YAKULT HONSHA CO.,LTD. [2267.T]

TOKYO, May 12 (Pulse News Wire) – Yakult Honsha CO.,LTD. (2267.T) rejected a shareholder proposal submitted by DALTON KIZUNA (MASTER) FUND LP for its upcoming annual general meeting scheduled for June 24, 2026.

The board unanimously opposed all three proposals, which included appointing two directors, approving restricted stock compensation, and changing the record date for the shareholders' meeting. The company cited concerns over potential conflicts of interest and the alignment of interests among shareholders. It argued that the proposed changes could undermine long-term value creation due to their focus on short-term incentives. Additionally, Yakult Honsha emphasized its existing governance structure, which includes independent outside directors and a balanced incentive system designed to align executive compensation with long-term performance metrics such as ROE and relative TSR.

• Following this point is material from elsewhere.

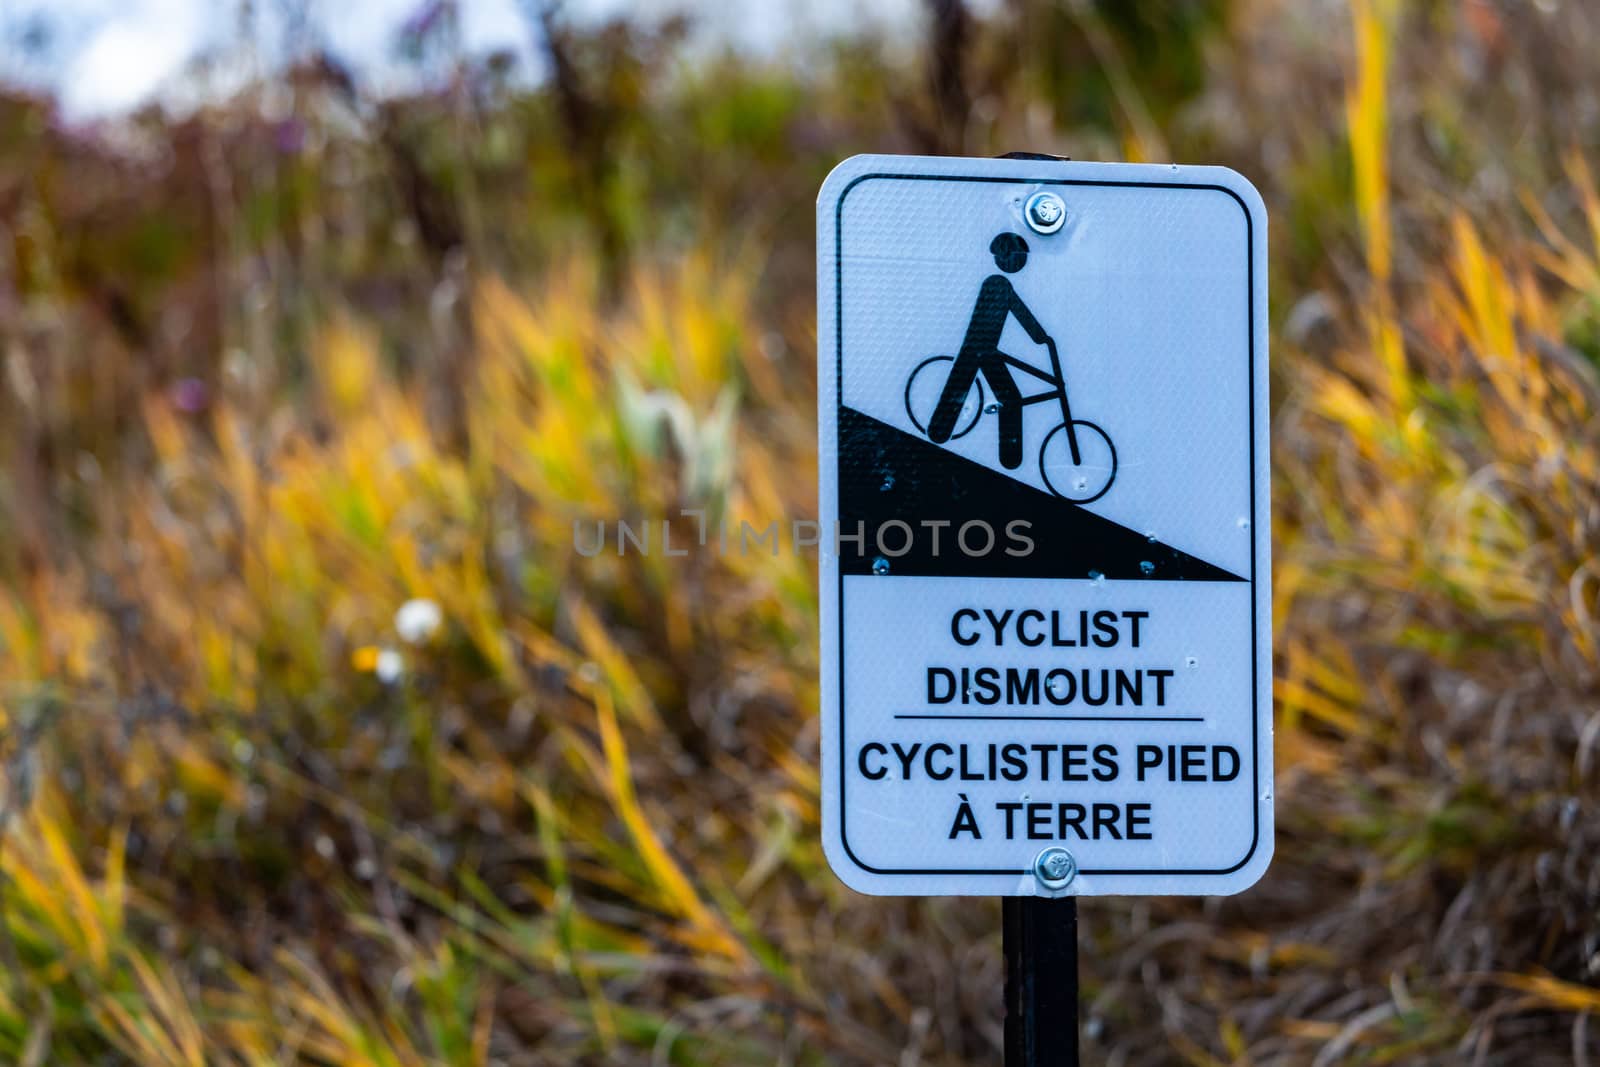 A bilingual sign on a suburban trail indicates that cyclists should dismount their bicycles due to a steep hill along the path.

In response to the compensation-related proposal, Yakult Honsha highlighted its recent revisions to the remuneration policy aimed at enhancing alignment between executive rewards and sustained corporate value. The revised equity-based compensation plan increases the proportion of equity-linked incentives from 15% to 25%, reflecting a commitment to fostering longer-term perspectives among executives. The company also noted that the proposed changes to the record date for the shareholders' meeting could complicate practical operations and potentially lead to inconsistencies between dividend recipients and voting rights holders. As a result, Yakult Honsha believes maintaining the current schedule is more appropriate until further regulatory clarifications are made.